Bank Repossessions Reach 1,000,000

From Finance, Insurance and Real Estate News:

The number of bank repossessions of homes this year could top one million despite tens of billions of federal dollars that have been spent to keep people from losing their homes. That’s the report from RealtyTrac Inc., which publishes the nation’s largest database of foreclosure, auction, and bank-owned homes.

RealtyTrac’s Midyear 2010 U.S. Foreclosure Market Report, issued in July, shows 1,961,894 foreclosure filings — default notices, auction sale notices and bank repossessions — were reported on 1,654,634 U.S. properties in the first six months of 2010. This is down 5 percent from the previous six months but an 8 percent increase in total properties from the first six months of 2009.

One in 78 housing units in the U.S. received at least one foreclosure filing in the first half of the year, according to RealtyTrac.

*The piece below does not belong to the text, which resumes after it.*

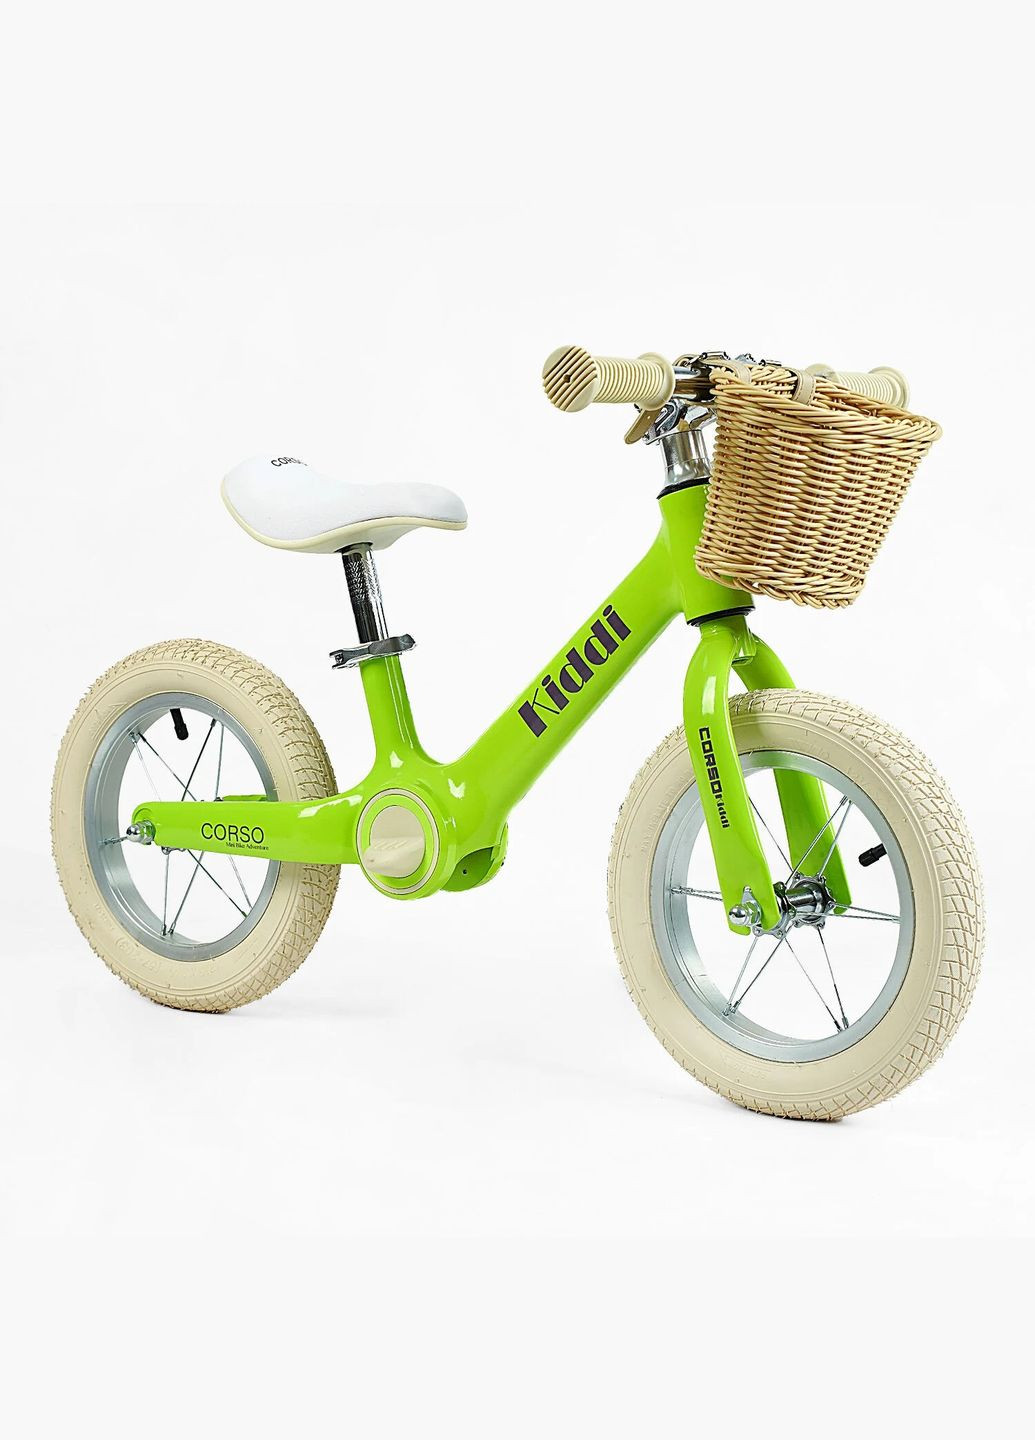 Дитячий велобіг KIDDI ML-12328. Магнієва рама, надувні колеса 12", підставка для ніг, кошик Corso (290254824)

Of the 1.2 million homeowners who have gone into the Obama administration’s $75 billion mortgage assistance program, approximately one-third have dropped out.

“The midyear numbers put us on pace to exceed three million properties with foreclosure filings by the end of the year, and more than one million bank repossessions,” said RealtyTrac chief executive James J. Saccacio. “The roller coaster pattern of foreclosure activity over the past 12 months demonstrates that while the foreclosure problem is being managed on the surface, a massive number of distressed properties and underwater loans continue to sit just below the surface, threatening the fragile stability of the housing market.”

Areas where housing prices shot up highest during the real estate boom are being hit hardest in the bust. Nevada, Arizona and Florida have the highest foreclosure rates (percent of homes in foreclosure), and California, Florida and Arizona have the highest numbers of foreclosures.

Experts are not seeing any relief anytime soon. The key problem is not just unemployment but a crash in property values that makes it less likely home owners will do everything possible to keep their houses, including renting out. Many people are cutting their losses and moving on with what cash they can rather than continue dumping money into a pit that they will never be able to resell.

Of course people thinking that their house was an investment and not a place to live was how we got into this mess in the first place.